_COLLECTED DATA_
------

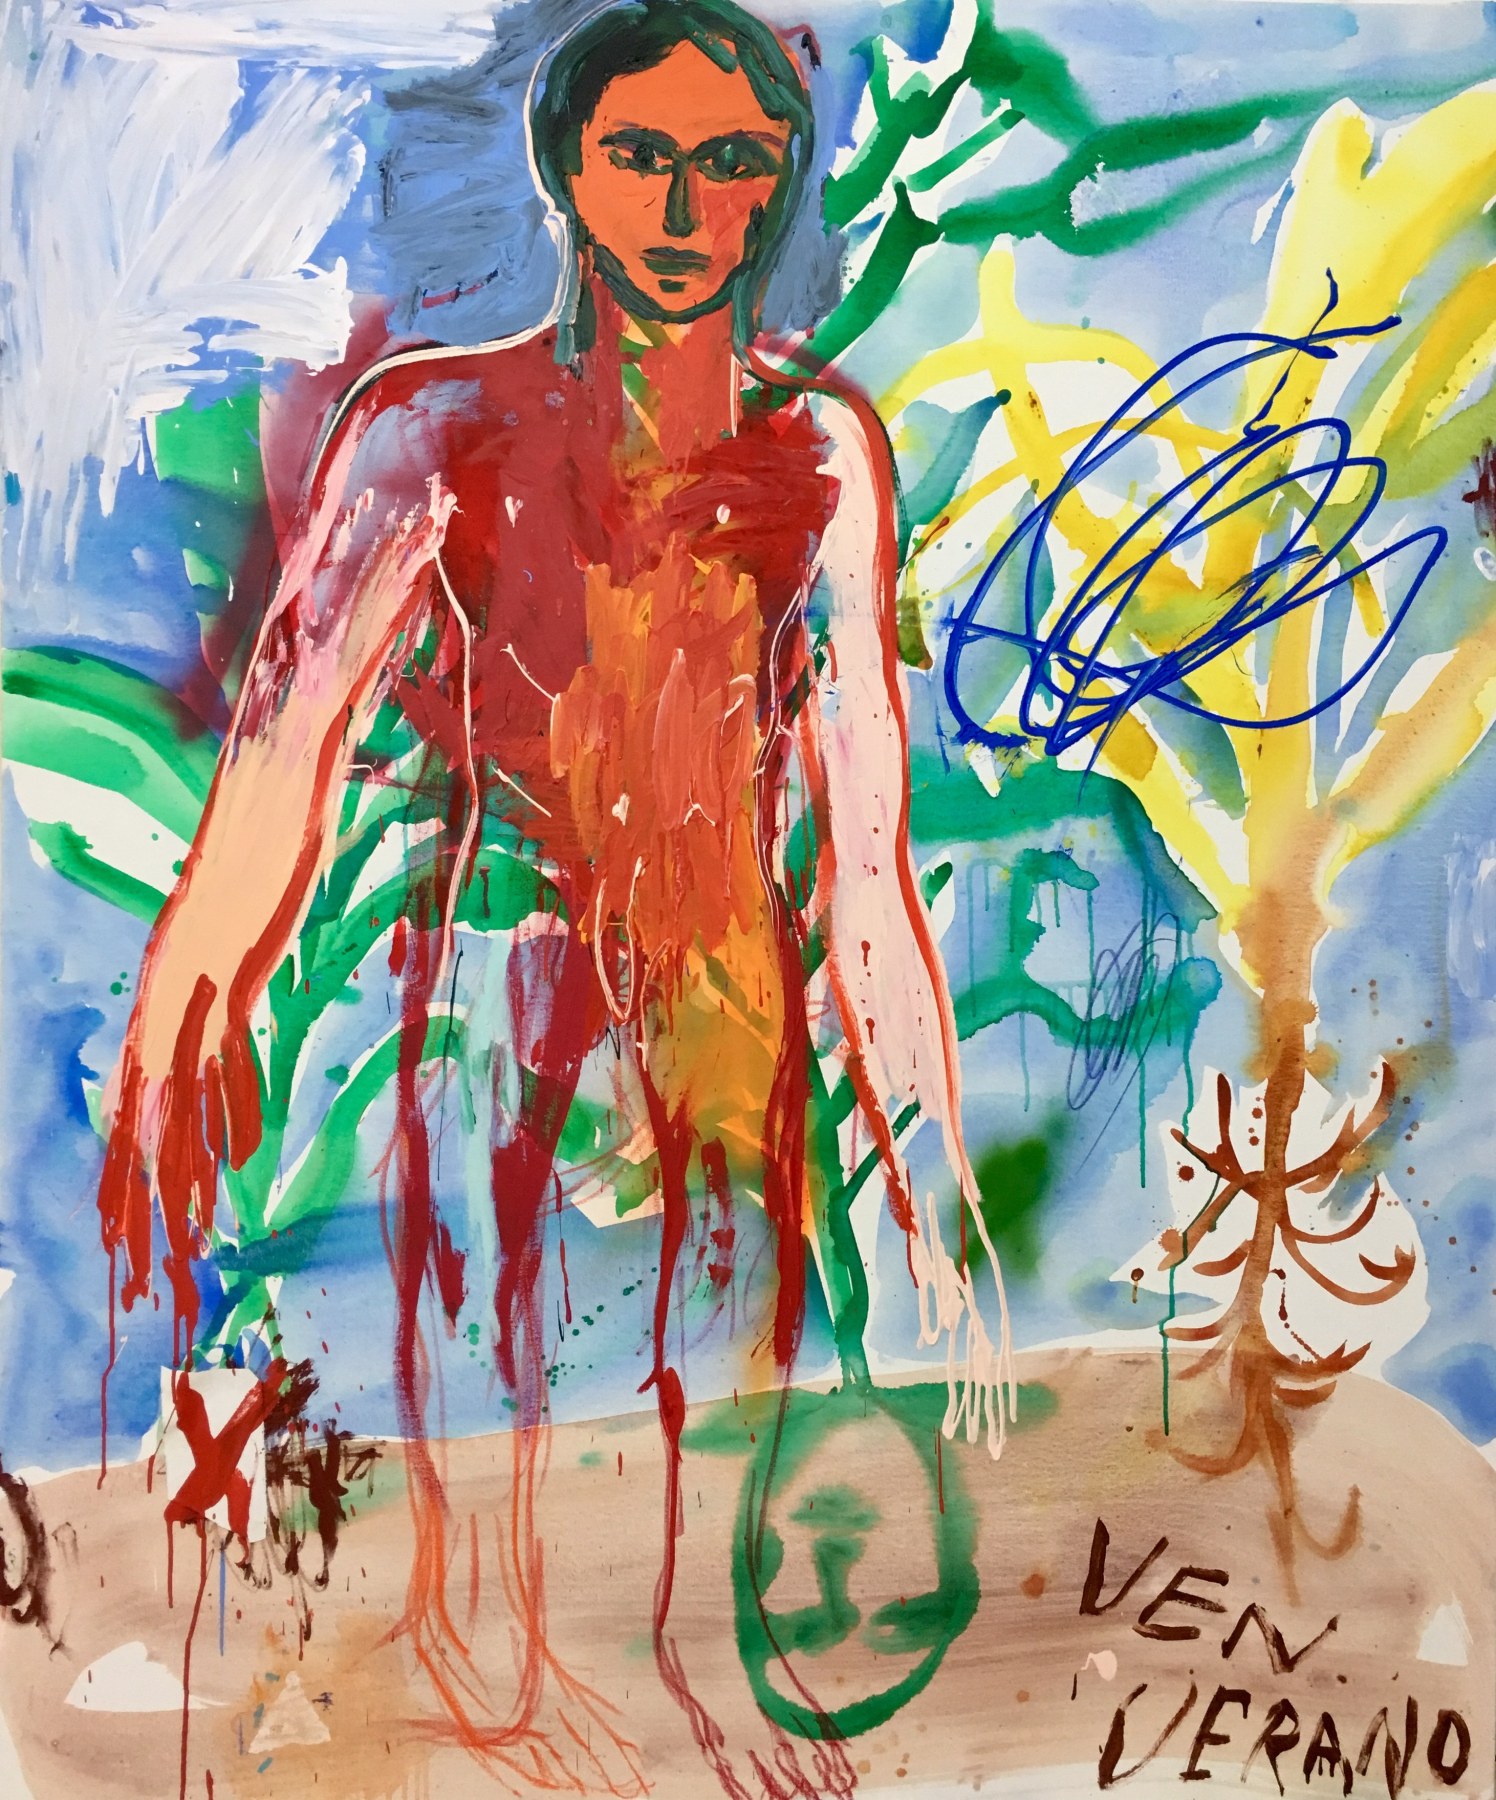 Ven Verano, 2018, Acrylic, oil, crayon, and spray paint on canvas
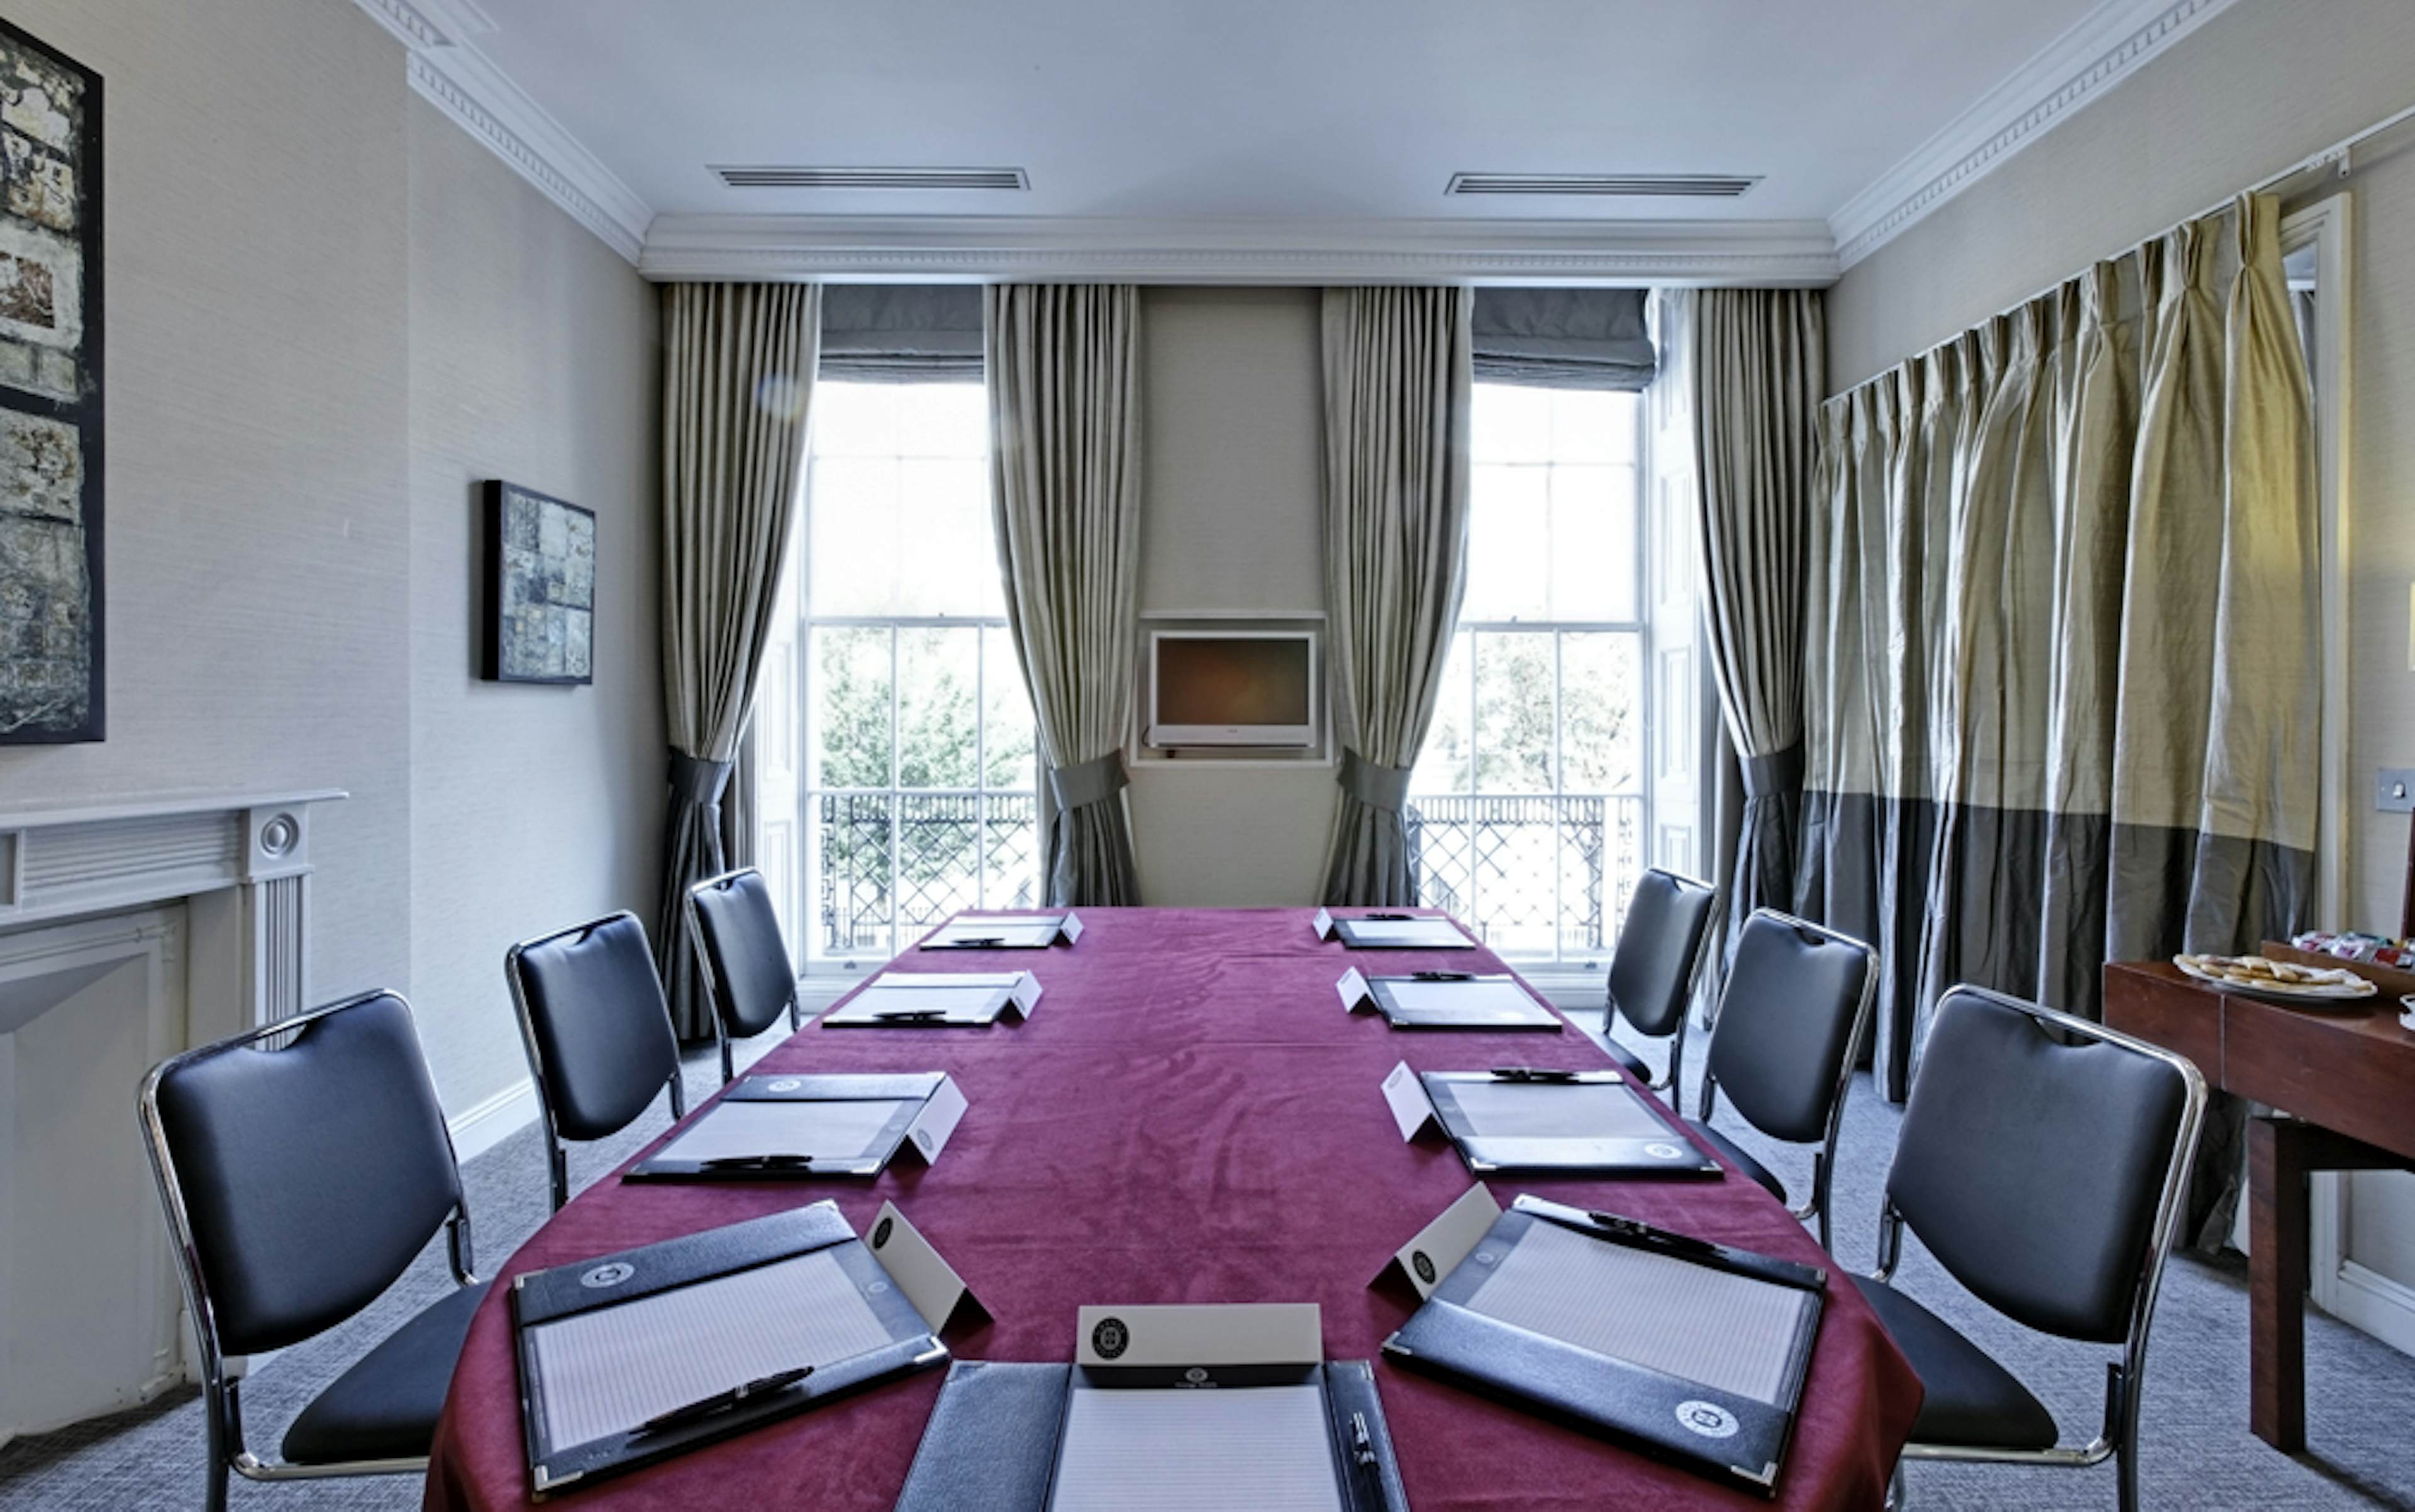 Grange Beauchamp Hotel - Syndicate Room 1-4 image 1
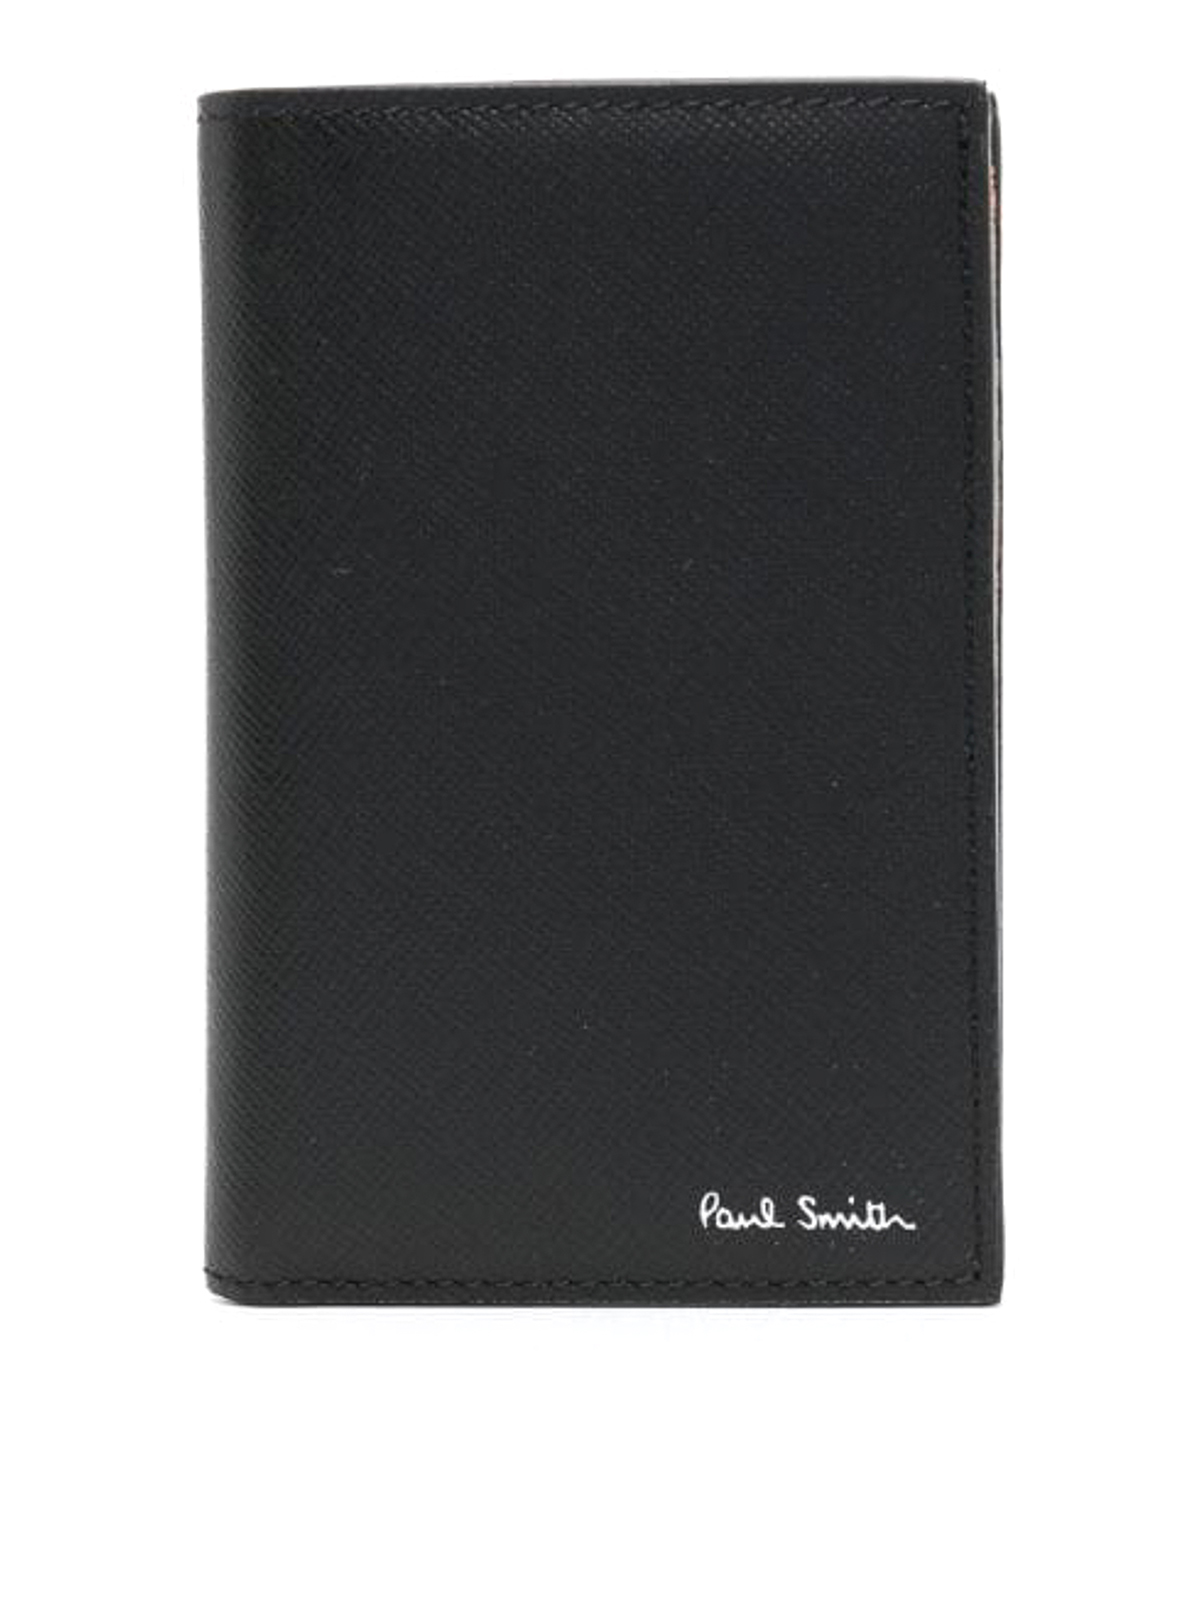 Paul Smith Logo Leather Wallet In Black
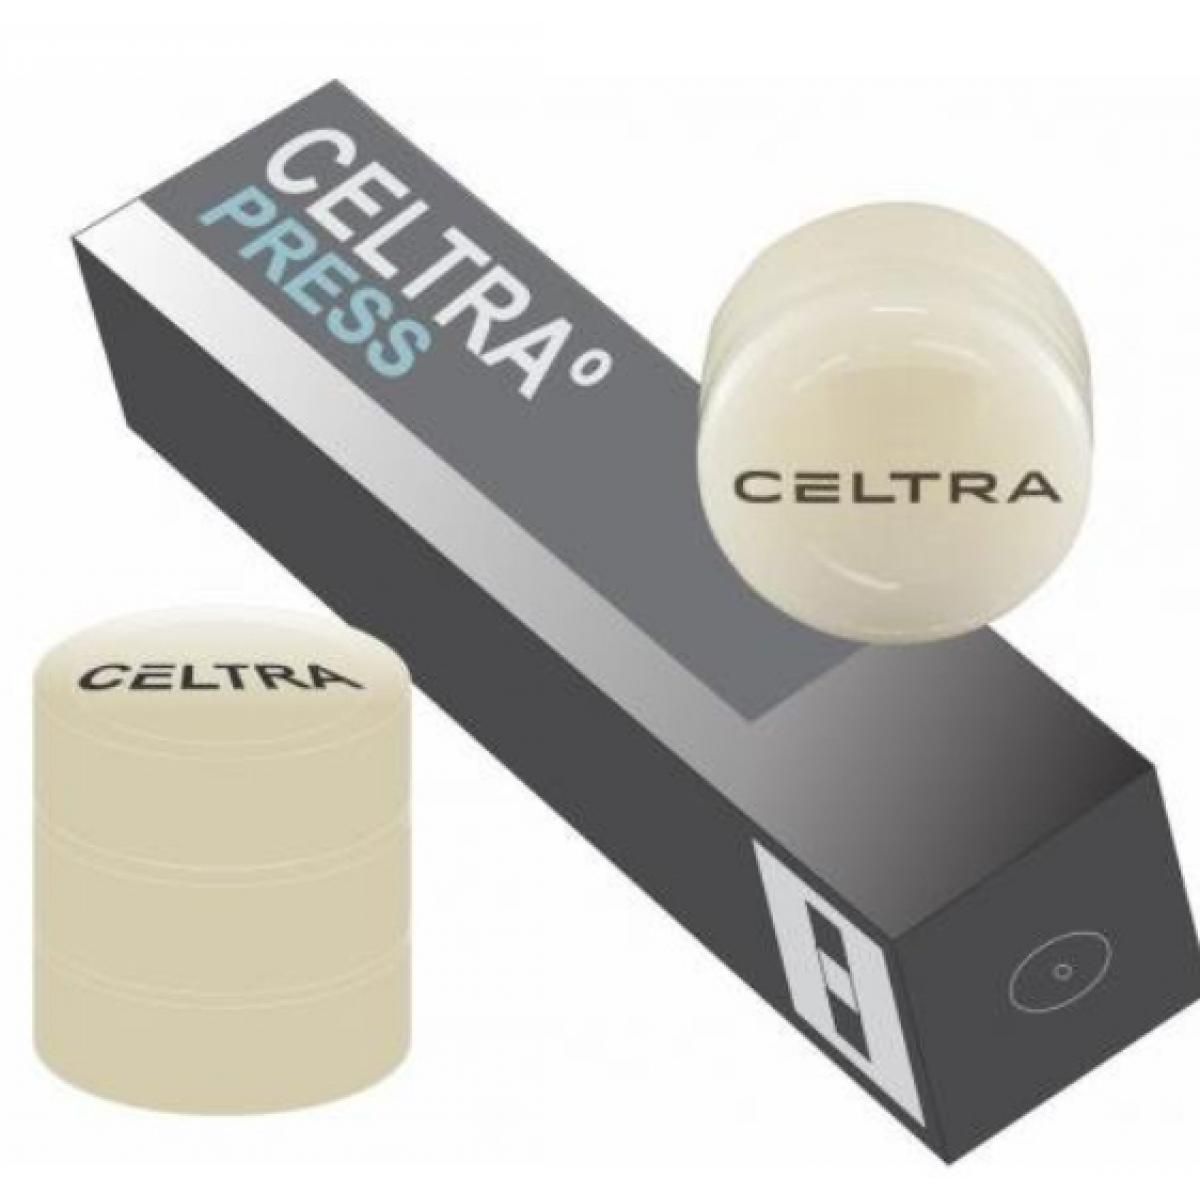 CELTRA PRESS MT B1 5 X 3 GR DENTSPLY -

------

_HOW TO COMPLETE THIS TASK_
Take the preceding listing and transcribe it exactly, skipping the pictures.

_RESPONSE TO THE TASK_
 Ven Verano, 2018, Acrylic, oil, crayon, and spray paint on canvas
 Grange Beauchamp Hotel - Syndicate Room 1-4 image 1
 Paul Smith Logo Leather Wallet In Black
 CELTRA PRESS MT B1 5 X 3 GR DENTSPLY -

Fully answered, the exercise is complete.